For building a sustainable ecosystem for genomics in healthcare, B1MG cited the experience of FinnGen, a public-private project, where Finnish biobanks have been cooperating with 12 pharma companies. Part of that study, which commenced in 2017 with an initial budget of €59 million, involves the genotyping of half a million Finns.
According to Niklas Blomberg, director of ELIXIR and an investigator taking part in the B1MG project, the new MLM tool and policy brief should help to achieve efforts to harmonize genomic medicine efforts across the region, in line with the aims of the 1+MG initiative. ELIXIR, the European Life Sciences Infrastructure for Biological Information, is an intergovernmental organization that supports European life sciences resources.
"If you look at Europe, there is diversity," said Blomberg. "Some countries are really advanced when it comes to genomic medicine and have national strategies and everything in place, and others have a lot of work to do," he said. "This is why this maturity model is so important. It will allow countries and institutes to assess how far they have come."

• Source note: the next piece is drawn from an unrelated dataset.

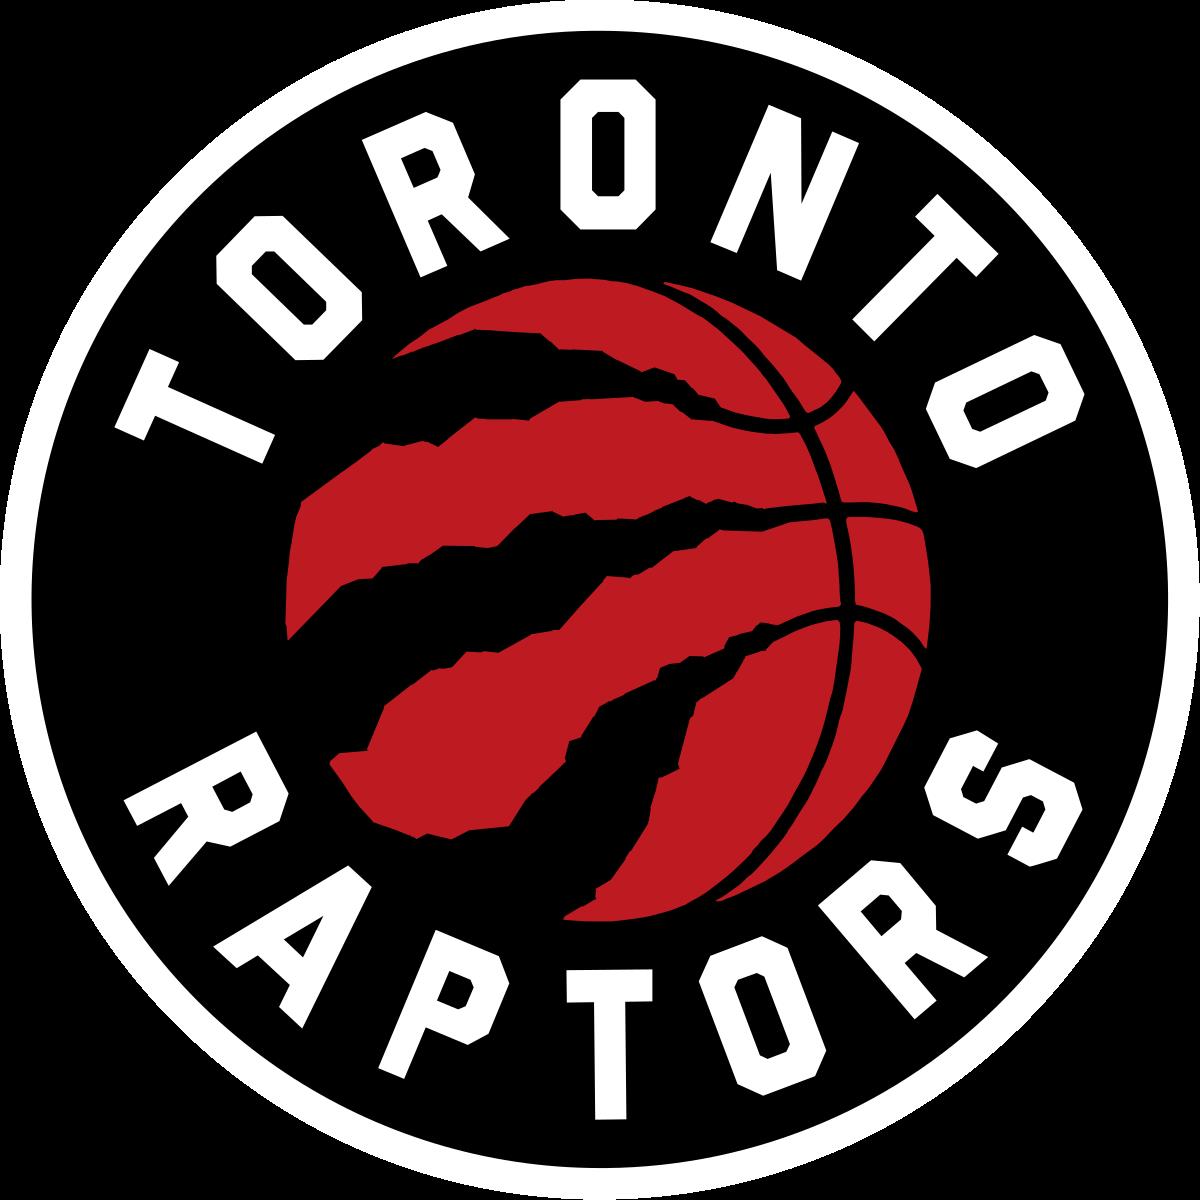 What the Toronto Raptors need in their new head coach

The policy recommendations also aim to help decision makers set a roadmap for the development of genomic medicine in their countries, making sure investments happen and in the right areas. "These policy briefings are really important," said Blomberg. "Otherwise, we will have 27 different silos for genomic medicine in Europe."
Rather than creating a single data lake, where all the data will be consolidated and searchable from one resource, Blomberg said the goal in Europe is to create a federated infrastructure where data is maintained at the country level but can be accessed and queried from anywhere in the region once permission is granted to the authorized user.
"It is not meant to be a central lake, where all data is available," underscored Juan Arenas Márquez, head of the project management unit at ELIXIR. "It is meant to be a fully federated infrastructure where you will be able to ask for access via one click and then be able to get your results back, or if the data is public access, then you can download it."
Blomberg said that the new MLM and recommendations are another step toward realizing the goals of the initiative. "These things are starting to come together," said Blomberg. "The policy brief and maturity model are part of the steps to scale up the current efforts and make them sustainable in the upcoming years."